SLB’s UltraMARINE seawater-base fracturing fluid solves that logistics challenge by making it possible to use seawater, instead of shipping in fresh water. 

“You actually can pull seawater on the fly,” Hosein said. “You can continuously mix from the ocean and mix it with your proppant.”

As a result, operators do not worry about carting freshwater from shore, which burns a lot of fuel and generates a lot of emissions, he said.

“If you can actually use seawater for hydraulic fracturing, it really does reduce your emissions impact,” he said. “The largest part of the emissions of an offshore fracture job is not the job itself. It’s the logistics of moving all the materials.”

While proppant fracturing is growing offshore, it is still used less frequently than acid, which is a type of hydraulic fracturing that uses reactive fluids, Hosein said. This is because the types of rock typically stimulated offshore are more frequently carbonates than sandstones.

Opening up carbonates

Hal Julio Vasquez
“Since we are not using fresh water, we don’t have to go back to the port to get more fresh water. We’re saving a lot of non-productive time, a lot of CO2 emissions as well while providing an optimum frac fluid rheology.” —Julio Vasquez, product manager for production solutions and production enhancement product service lines, Halliburton (Source: Halliburton)

Julio Vasquez, product manager for Halliburton’s production solutions and production enhancement product service lines, said reactive fluids are typically intended for formations. However, for carbonates, HCl-based treatments are applied for matrix acidizing and acid fracturing, and reactive fluids eat away at—or etch away—the rock to create larger pathways for hydrocarbons to flow through back to the wellbore. 

A little over 18 months ago, Halliburton commercialized X-Tend acid stimulation service, a low-viscosity, delayed-acting acid, for matrix and acid frac of carbonate formations offshore to allow deeper penetration of the live acid into the formation. 

“It is very easy to prepare, and we can mix it on the fly or batch mix it,” Vasquez said. 

Since commercialization, X-Tend has been used on about 100 jobs globally, he said. It is used in carbonate formations up to 350 F, but can be taken to higher temperatures. Using X-Tend, he said, has resulted in oil production increases of between 2,000 bbl/d and 3,000 bbl/d. 

World of water

Offshore water handling is particularly challenging, Vasquez said. 

“Produced water has to be disposed of or reinjected back into the formation,” he said. “You have a lot of restrictions with surface facilities handling water production.” 

WaterWeb, a technology Halliburton commercialized over a decade ago, selectively reduces permeability to water with minimal impact to hydrocarbon production, which means there is no need for mechanical isolation, he said. 

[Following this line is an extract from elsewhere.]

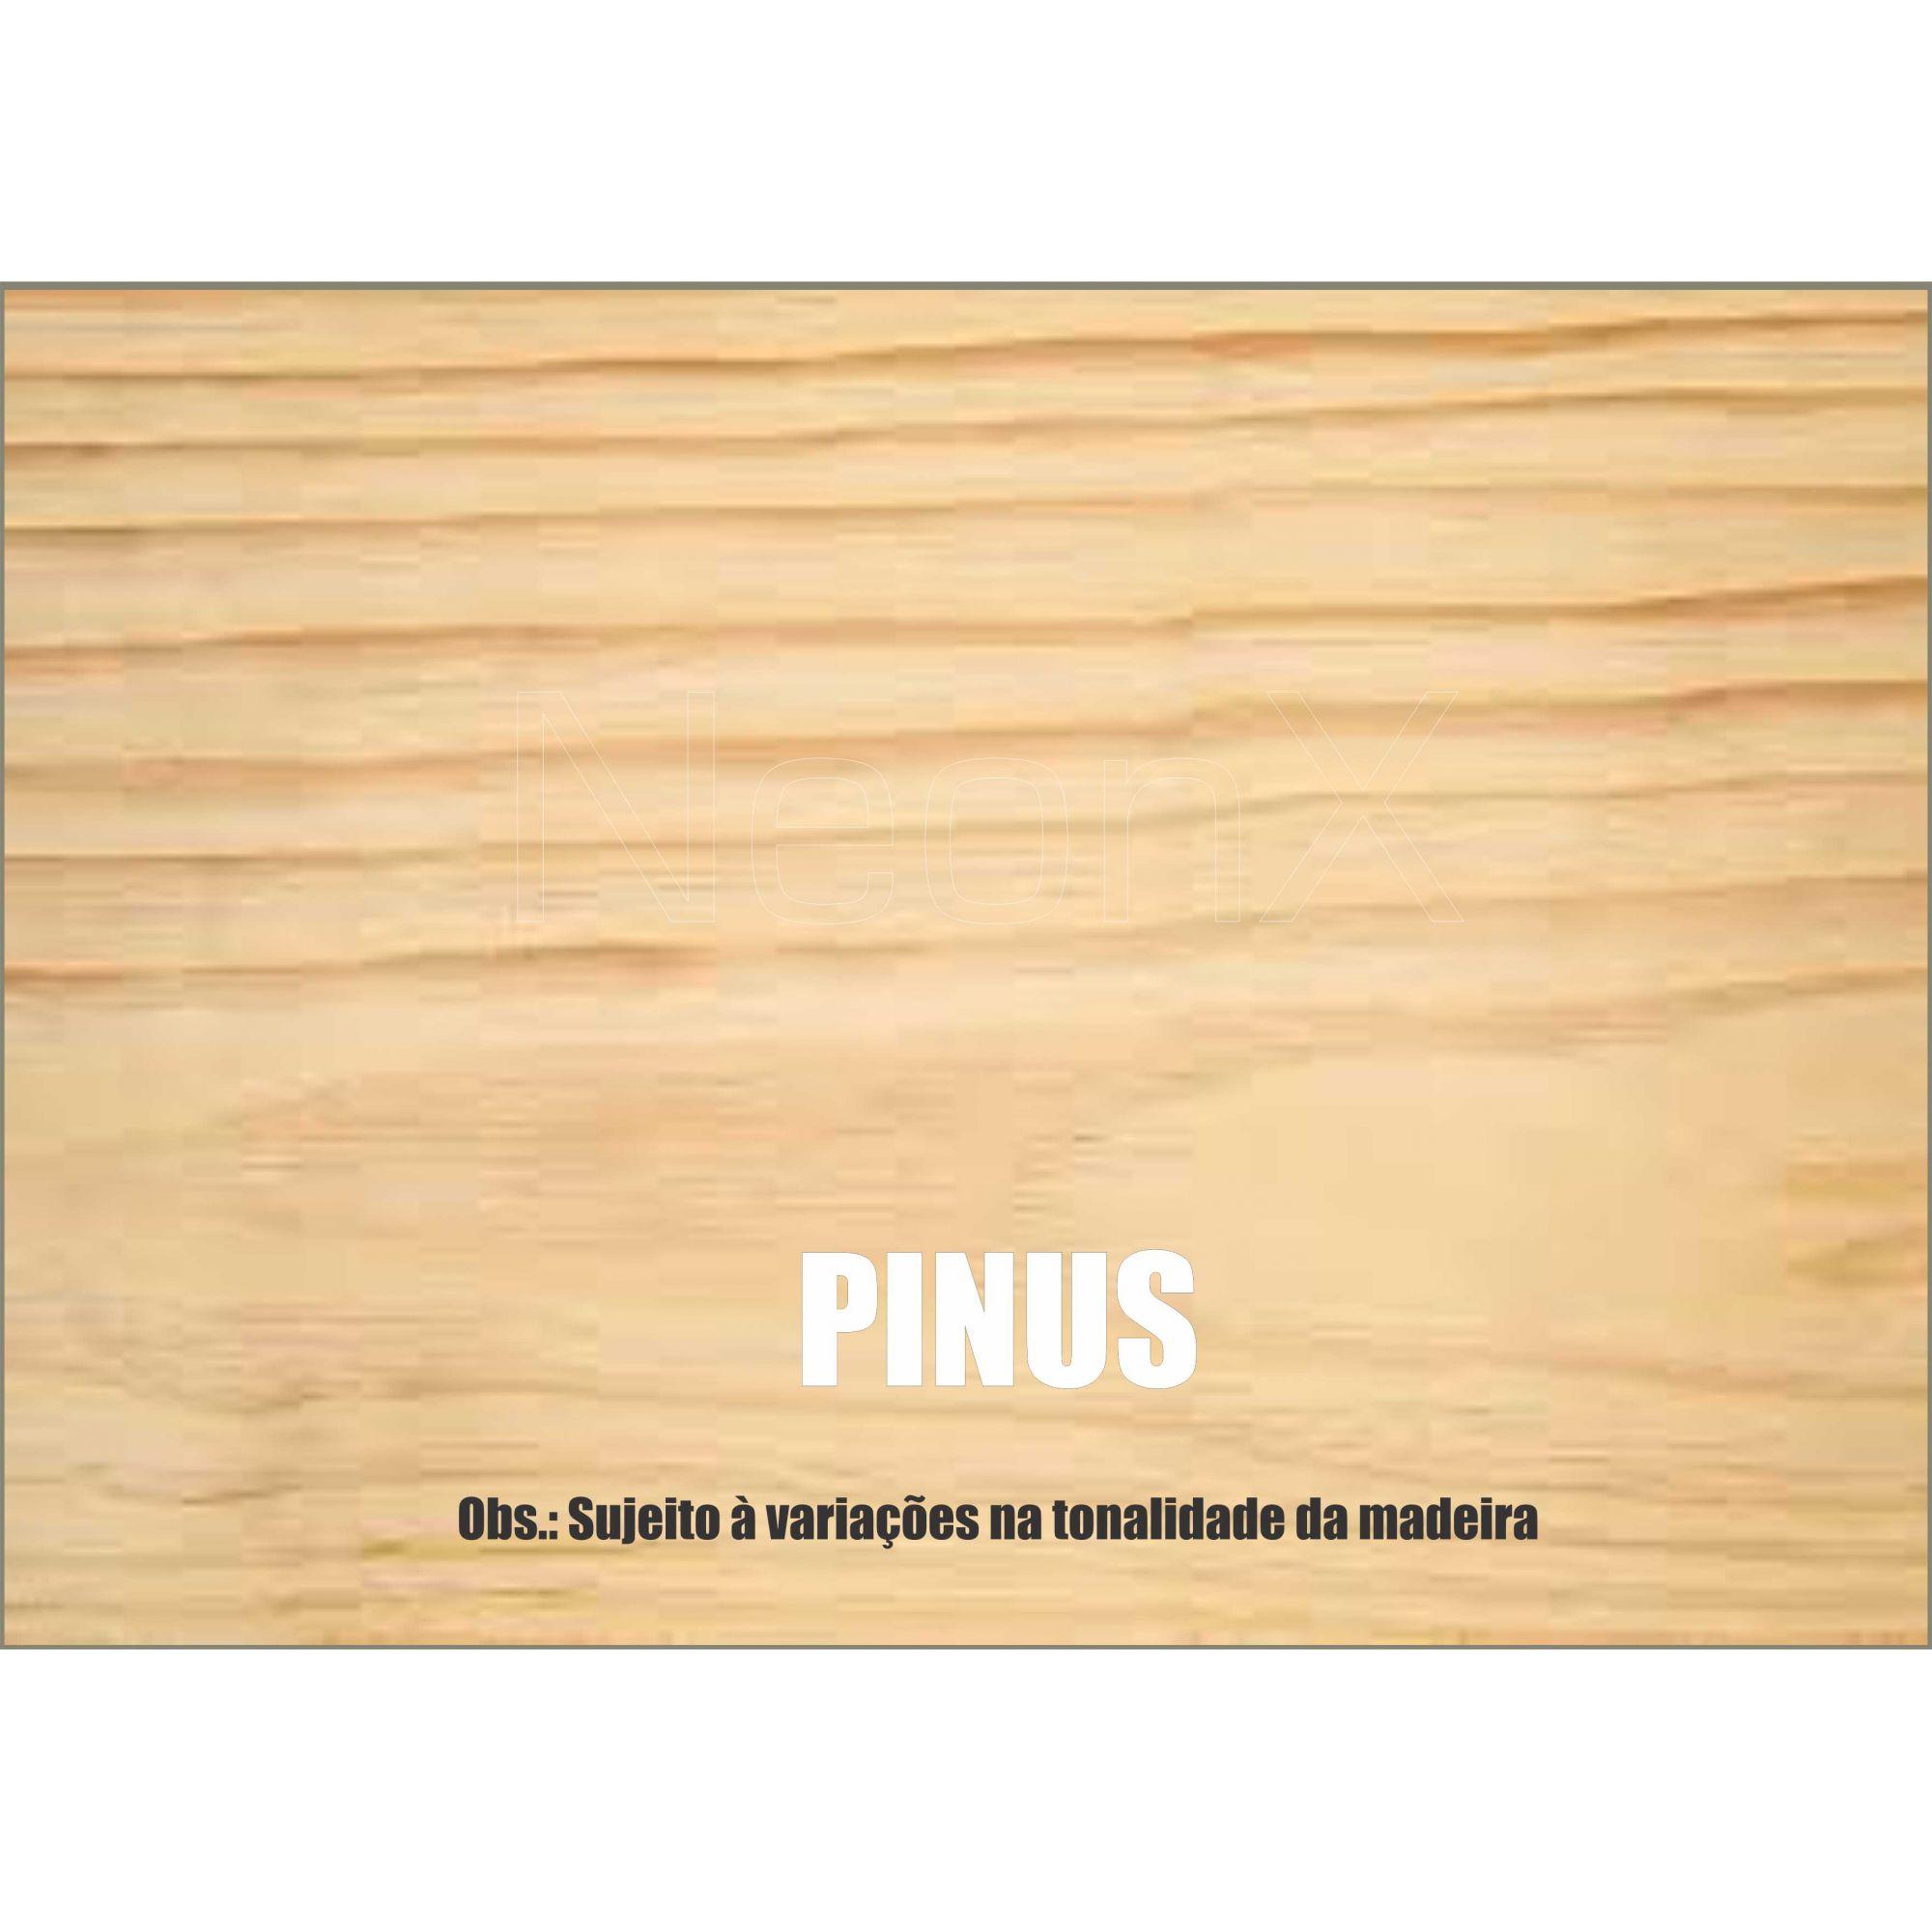 140 Un Ripa, Régua de Madeira 4x2x50 cm Aplainado NeonX

However, while the WaterWeb polymer initially worked well in sandstone formations, it did not perform as well in calcite-rich formations, he said. Following some research and chemistry modification, he said the product now works in both sandstone and carbonate formations. 

In one carbonate application offshore Mexico, the water cut—the ratio of water produced compared to the total volume of liquids produced in a well—was 36%. After Halliburton pumped 370 bbl of WaterWeb into the well, the water cut dropped to 4% while oil production increased by 600 bbl/d, Halliburton said.

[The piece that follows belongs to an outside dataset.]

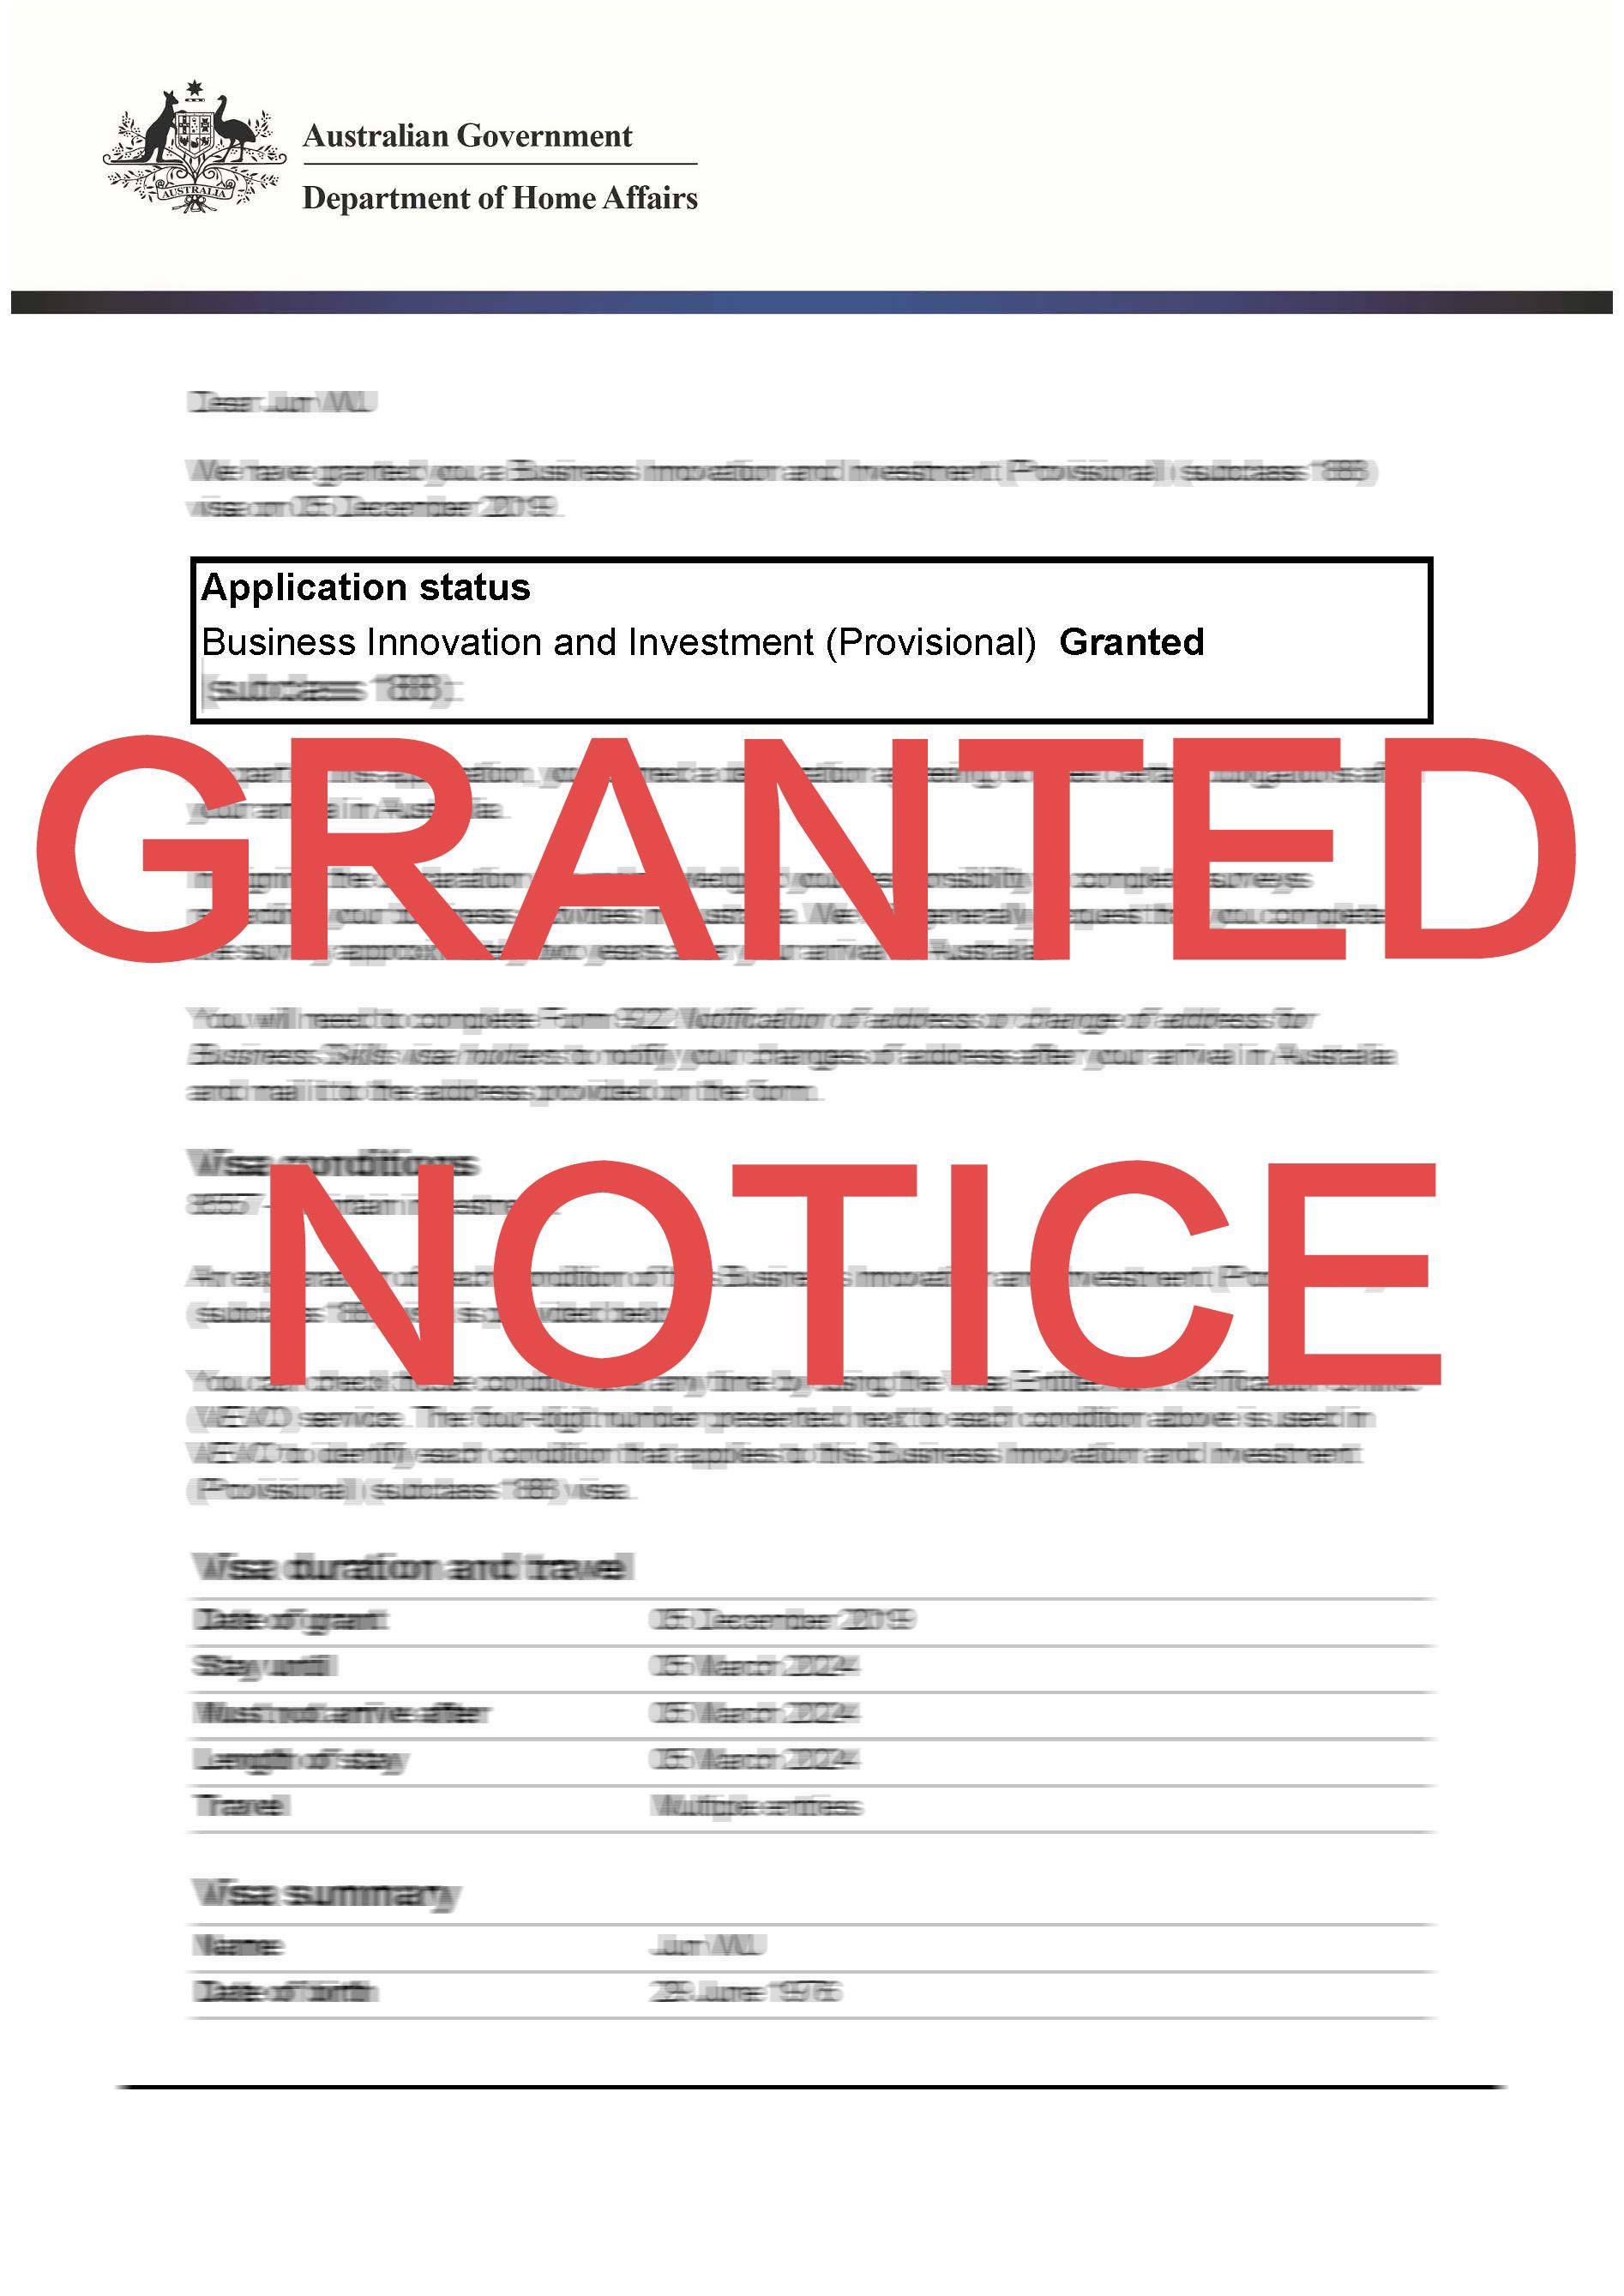 祝贺D先生出境豁免获得批准! D先生目前持有5年居民返程签证(155类别),属于长期在澳居住人士。 D先生在中国有生意,此次新冠疫情对企业的冲击不小,因此D先生急需回国参加董事会议,商讨应对方案。 虽

In a sandstone application producing from a multi-layered reservoir, water cut was reduced from 80% to 60%, and oil production increased by 300 bbl/d after deployment of WaterWeb.

While produced water is something that needs to be handled, water is needed for some operations. Halliburton’s SeaQuest service makes it possible to use seawater instead of freshwater for fracture fluid or frac-packing operations.

“We don’t have to go back to the port to get more freshwater,” Vasquez said. “We’re saving a lot of non-productive time, a lot of CO2 emissions as well, while providing an optimum frac fluid rheology.”